───── Record extracts
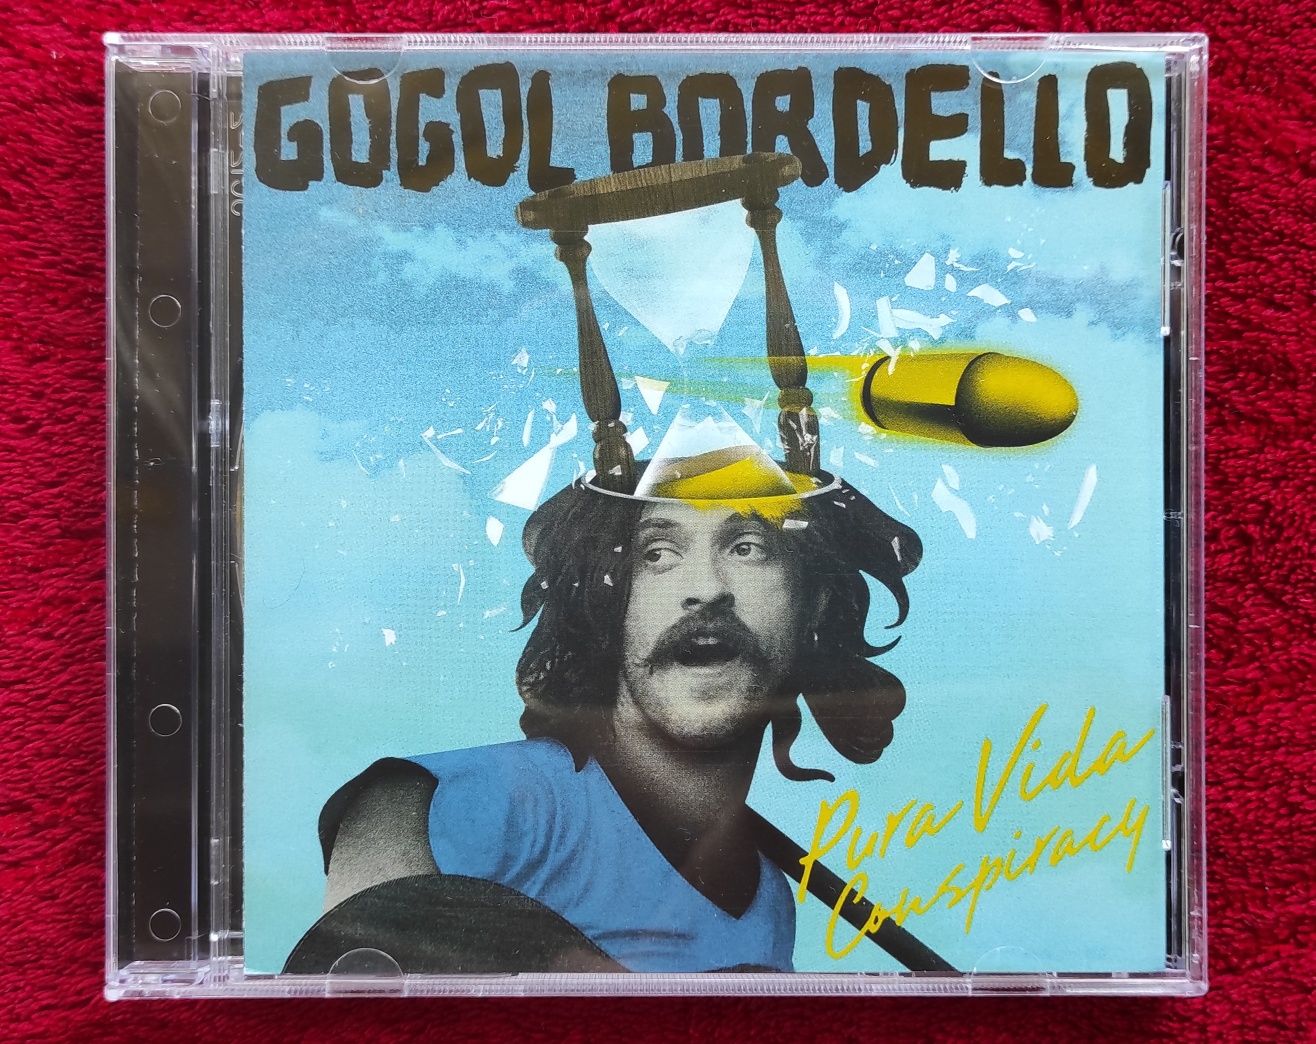 Gogol Bordello. Новый CD диск. Цыганский панк-рок
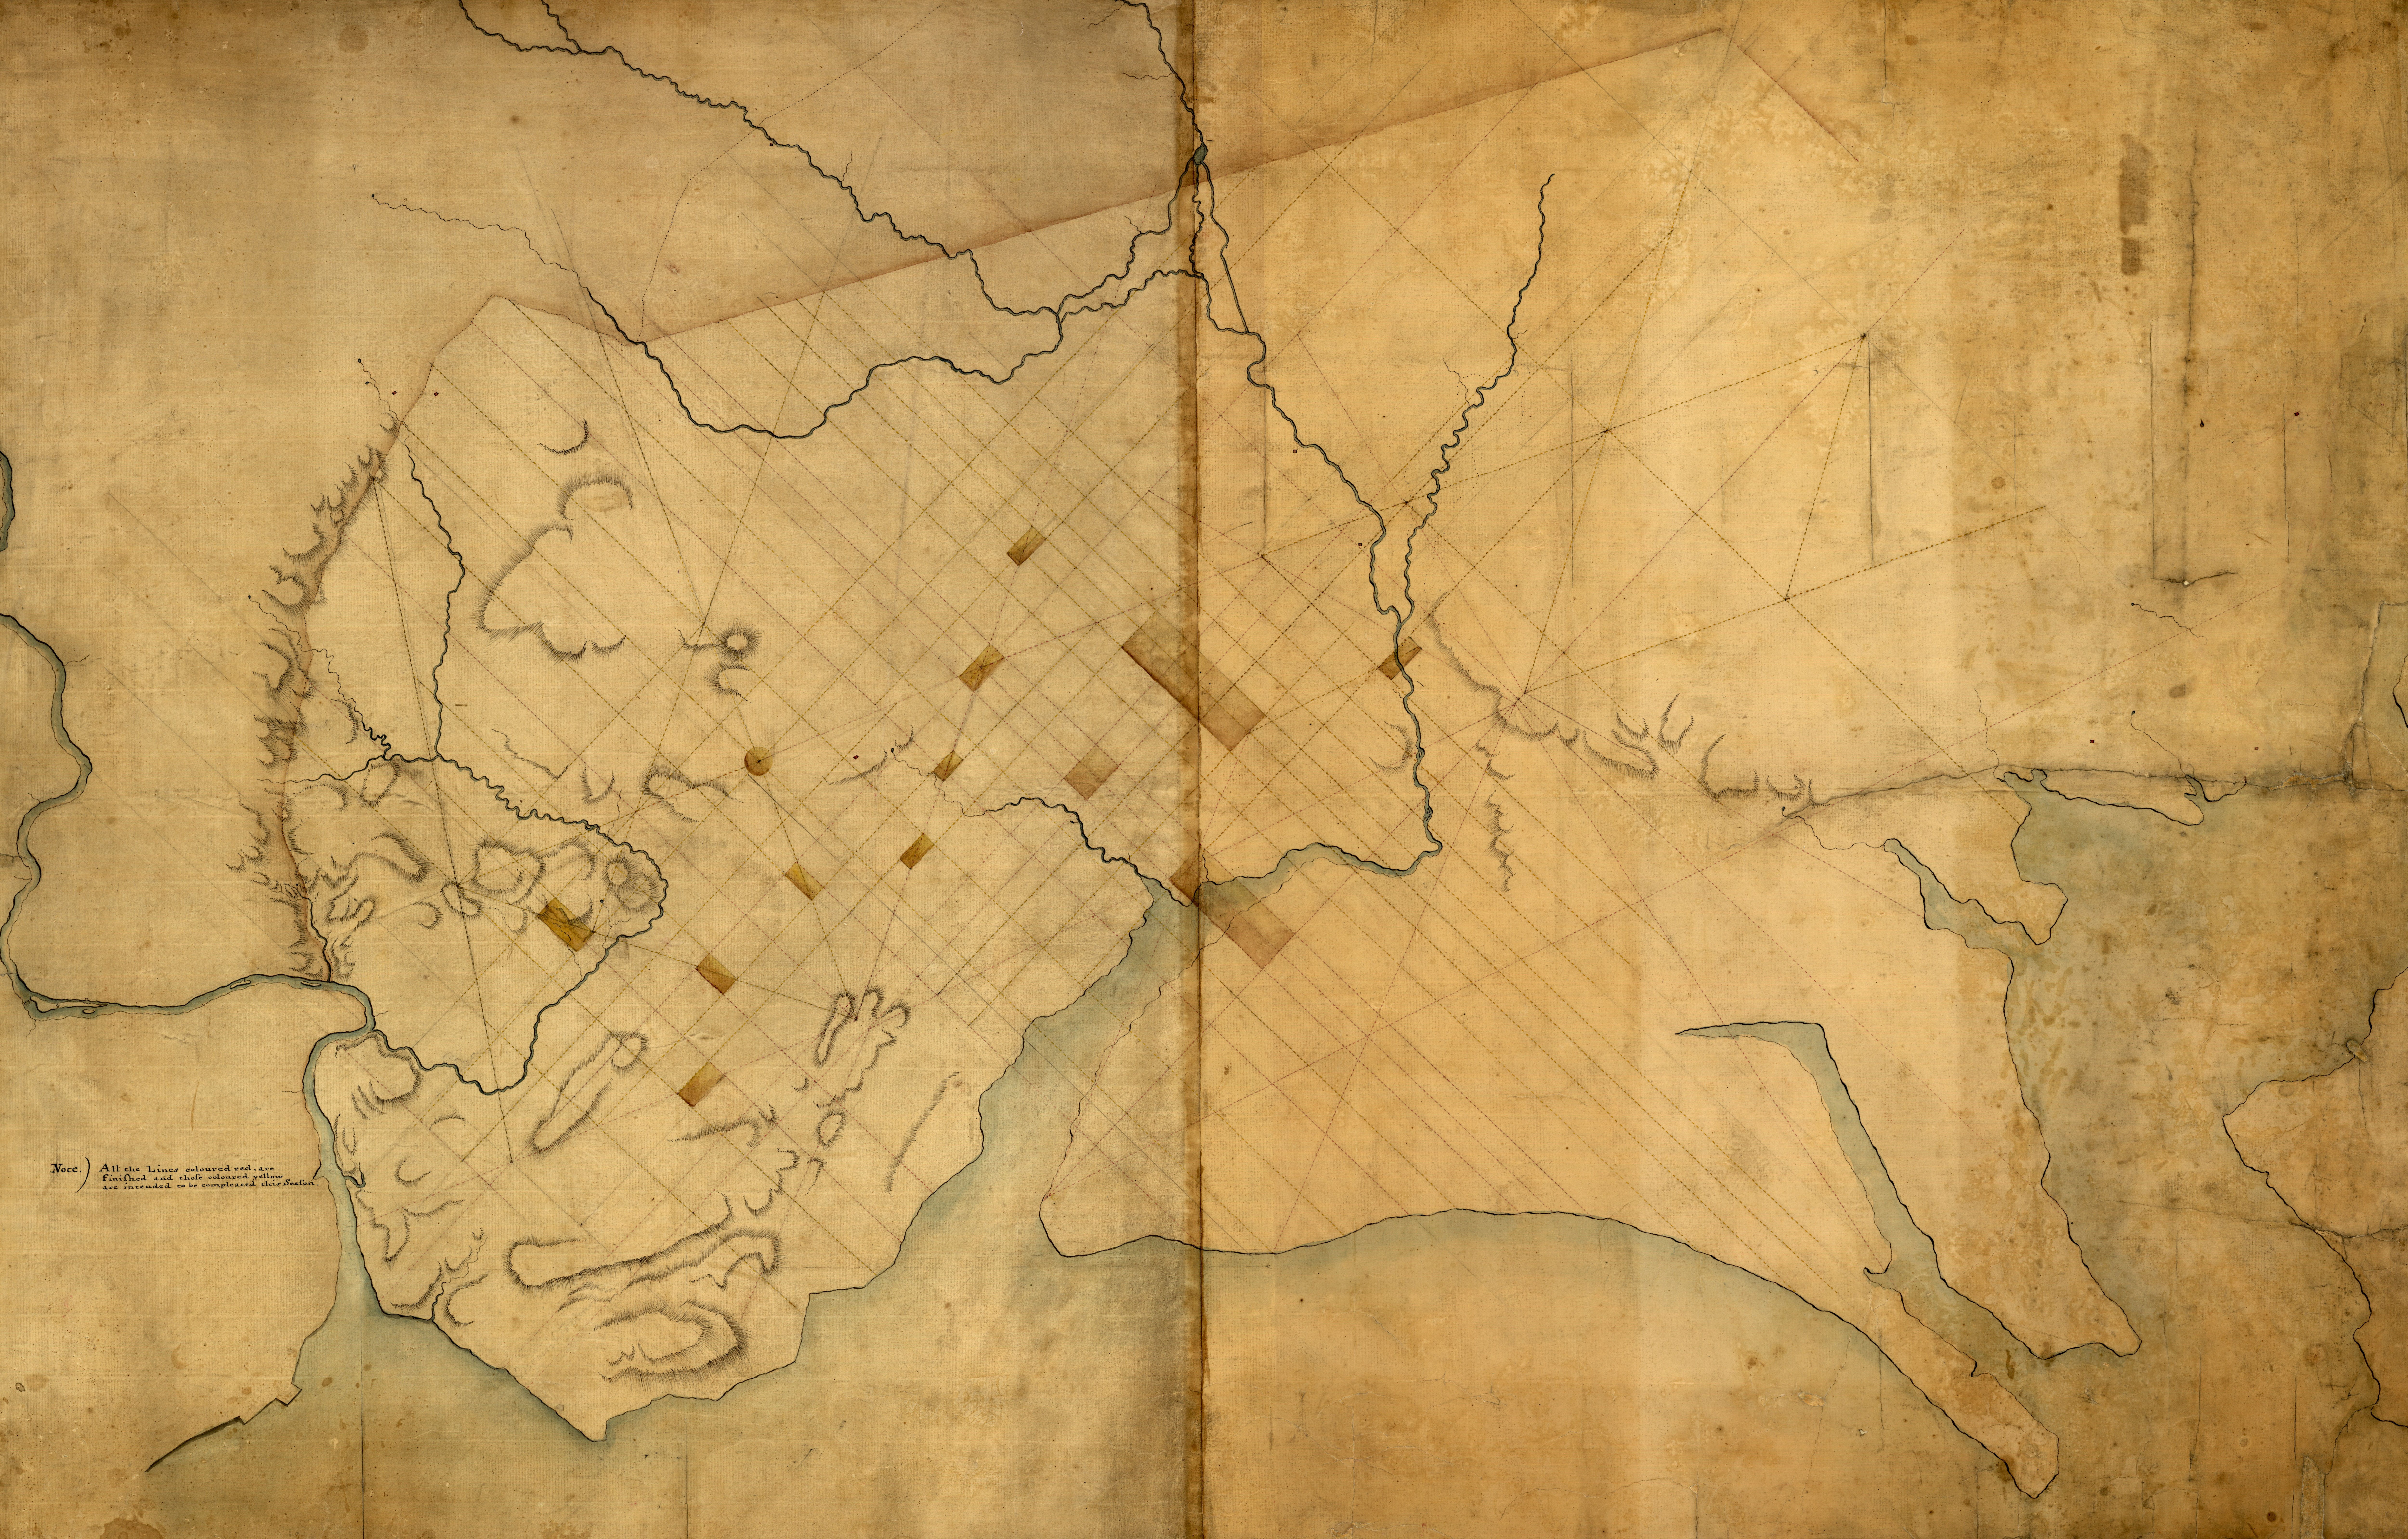 Image of Pierre Charles L'Enfant's 1791 Dotted Line Map of Washington D.C.
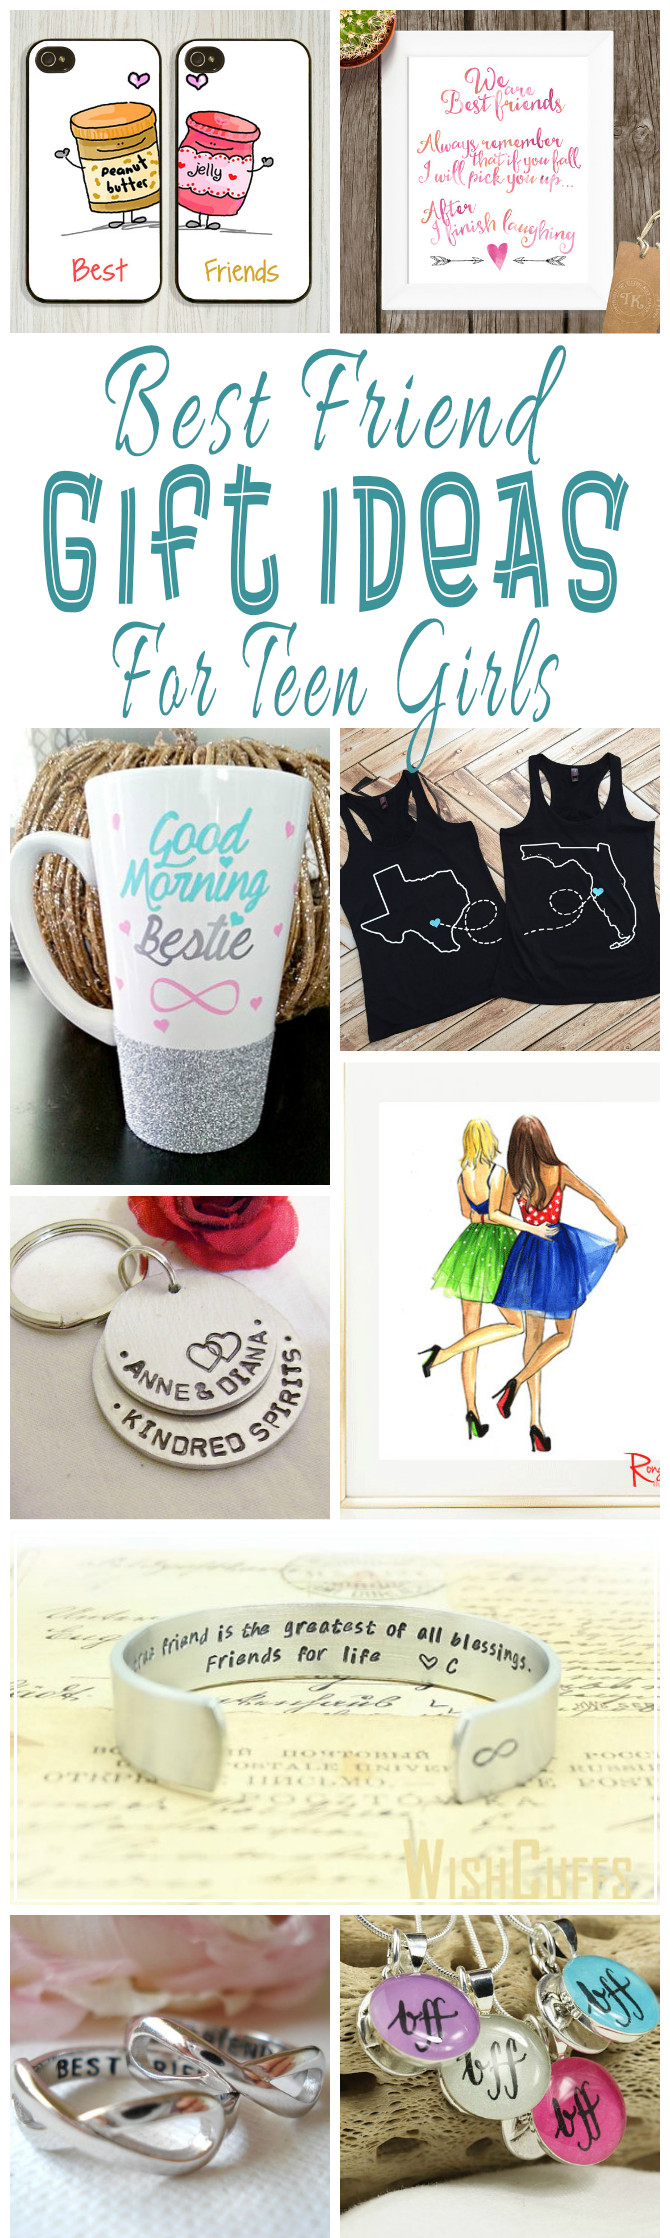 Best Gift Ideas For Girls
 Best Friend Gift Ideas For Teens
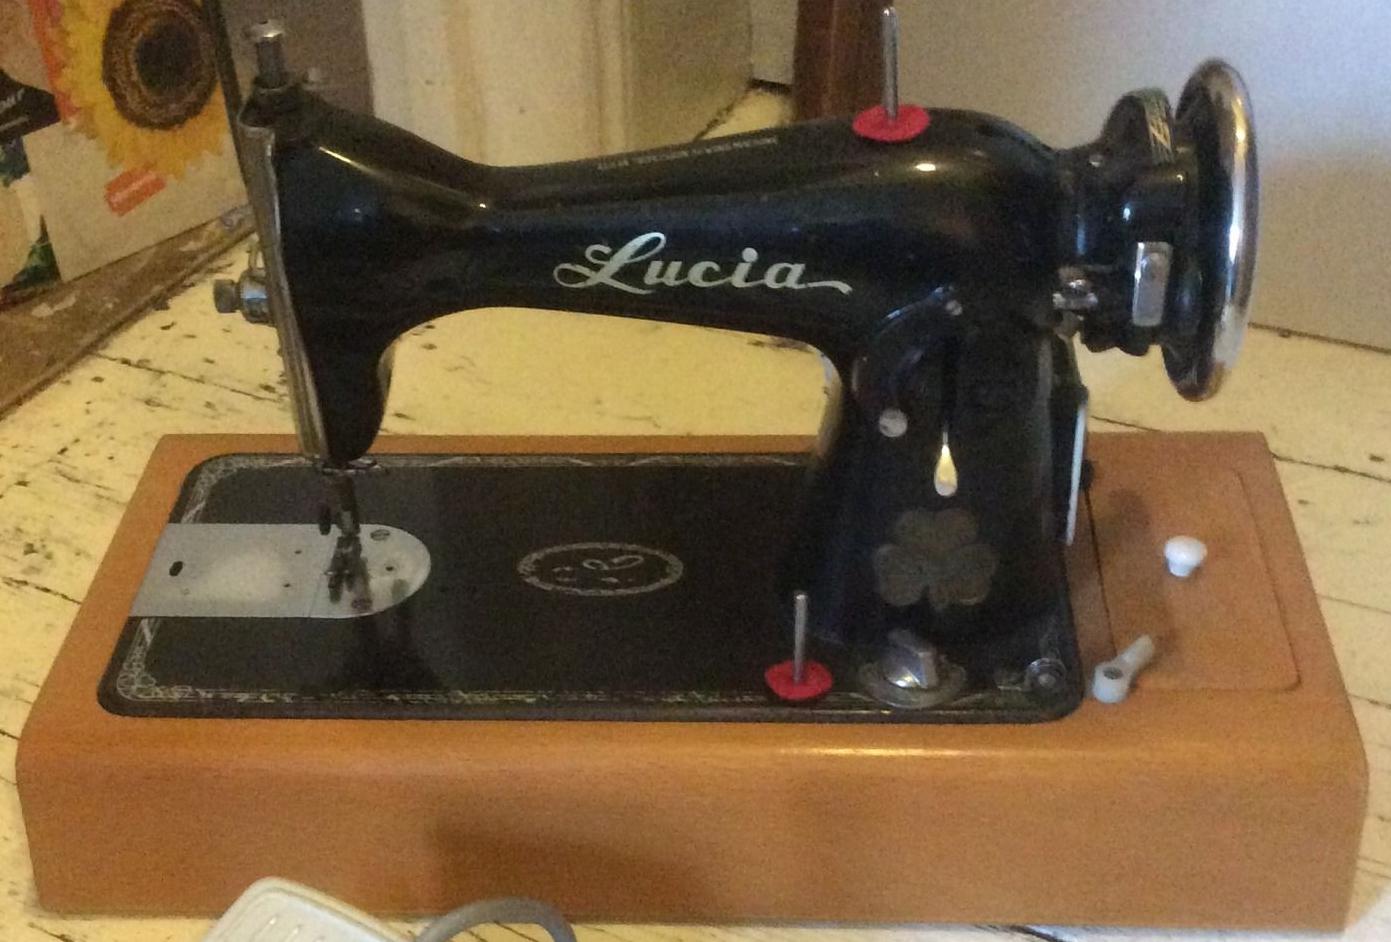 Lucia Sewing Machine Manual
──────────
About this task
Restate word for word the lines running from the one with "Image of Pierre" to the end of the entries; pictures are to be left out.

Task solution
 Image of Pierre Charles L'Enfant's 1791 Dotted Line Map of Washington D.C.
 Best Gift Ideas For Girls
 Best Friend Gift Ideas For Teens
 Lucia Sewing Machine Manual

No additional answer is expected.